Bisnis.com, JAKARTA – Bank Indonesia telah memangkas suku bunga acuan (BI Rate) sebesar 25 bps menjadi 5,75% pada Januari 2025. Kebijakan ini dinilai menjadi awal era suku bunga rendah seiring dengan meningkatnya ekspektasi terhadap pemangkasan serupa sepanjang 2025.
Bagi bank digital yang identik dengan penawaran bunga tinggi, era suku bunga rendah membuka ruang terhadap penyesuaian tingkat bunga, khususnya untuk deposito. Namun, kondisi perekonomian pada lingkup yang lebih luas juga tak luput dari pertimbangan bank.
Direktur Utama PT Allo Bank Indonesia Tbk. (BBHI) Indra Utoyo menyampaikan bahwa perseroan belum memiliki rencana untuk menyesuaikan suku bunga deposito dalam waktu dekat.
Pasalnya, tantangan perekonomian dinilai masih membentang di level global, sehingga pada gilirannya turut berpengaruh pada penghimpunan dana pihak ketiga (DPK) antarbank.
“Kondisi makroekonomi penuh tantangan, termasuk tekanan likuiditas yang masih tinggi dan persaingan DPK yang ketat,” katanya saat dihubungi Bisnis, Rabu (5/2/2025).

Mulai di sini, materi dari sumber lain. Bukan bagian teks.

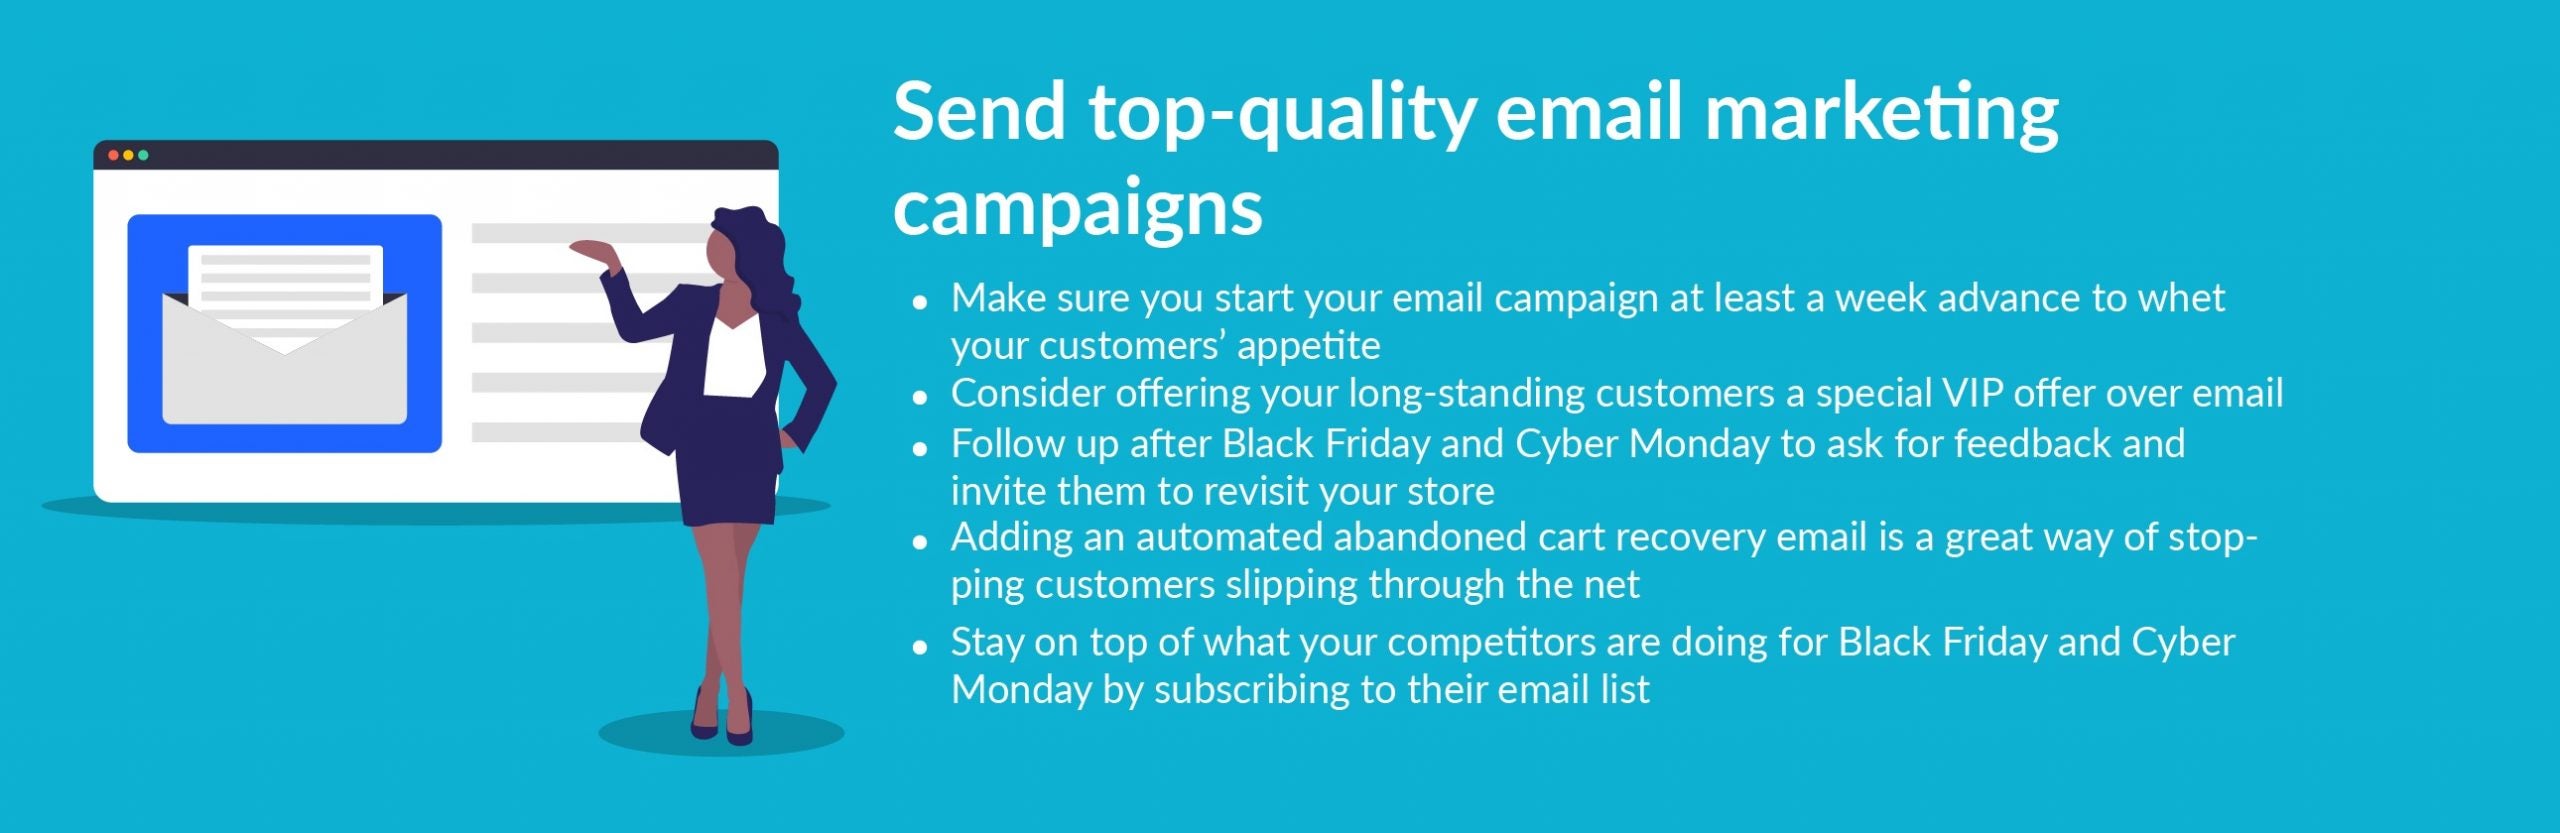 black friday tip send email campaigns

Orang nomor satu di Allo Bank ini menilai bahwa fenomena tersebut juga terjadi di tengah upaya BI memperkuat nilai tukar rupiah. Bank sentral Tanah Air juga berupaya mendukung aliran masuk portofolio asing ke dalam negeri dengan menerbitkan Sekuritas Rupiah BI (SRBI).

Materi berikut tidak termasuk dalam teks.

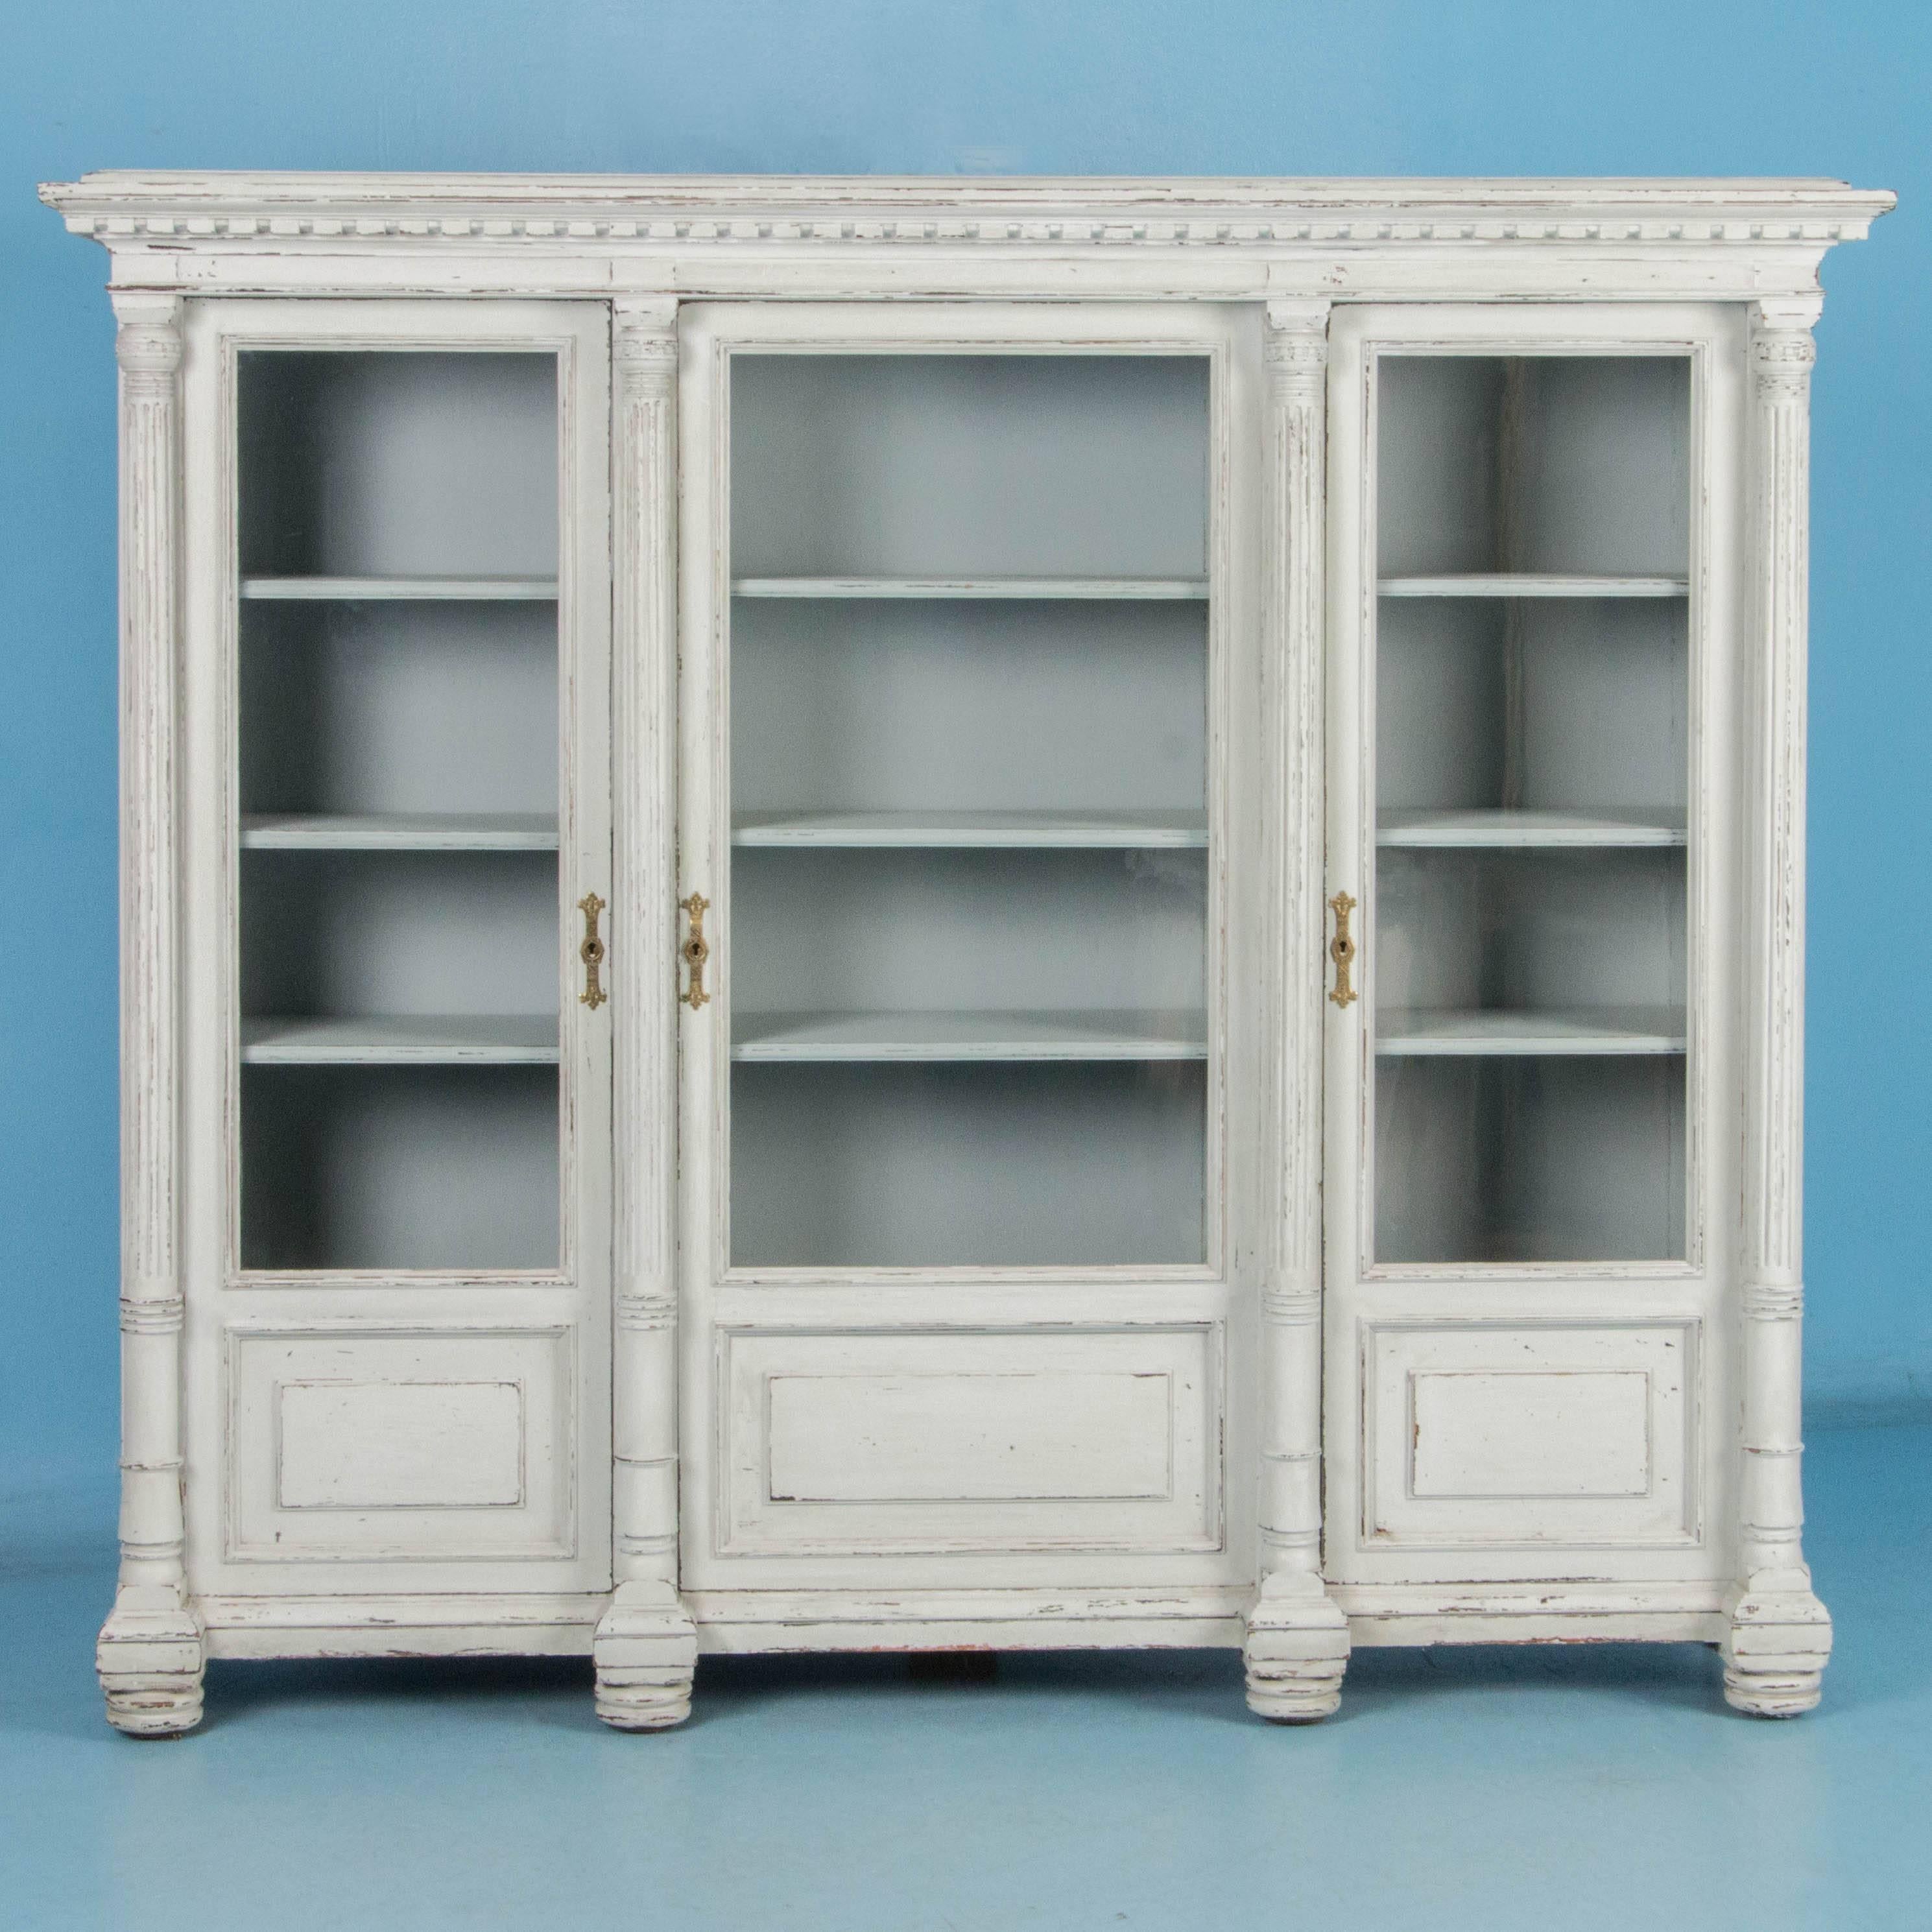 This large antique Swedish oak bookcase (circa 1890s) features dentil molding, fluted columns and panelled doors in a neoclassical design. Behind each of the three hinged glass doors are fully adjustable shelves. The newer white paint had a subtle

Itu sebabnya, Allo Bank masih akan mempertahankan tingkat suku bunga deposito ke depan. Bank digital besutan konglomerat Chairul Tanjung ini menawarkan suku bunga deposito tertinggi sebesar 7,50% per tahun dan terendah 5% per tahun.
Pandangan serupa disampaikan bank digital milik Kredivo Group, yakni PT Krom Bank Indonesia Tbk. (BBSI). Presiden Direktur Krom Bank Anton Hermawan menyebut bahwa kondisi makroekonomi yang masih dinamis menjadi pertimbangan dalam menentukan tingkat suku bunga deposito.
“Saat ini, Krom Bank masih mempertahankan besaran bunga deposito sampai dengan 8,75% p.a.,” katanya kepada Bisnis, Rabu (5/2/2025).
Menurut Anton, hal itu juga menjadi bagian dari strategi Krom Bank dalam menjaga daya saing dan memberikan keuntungan optimal bagi nasabah.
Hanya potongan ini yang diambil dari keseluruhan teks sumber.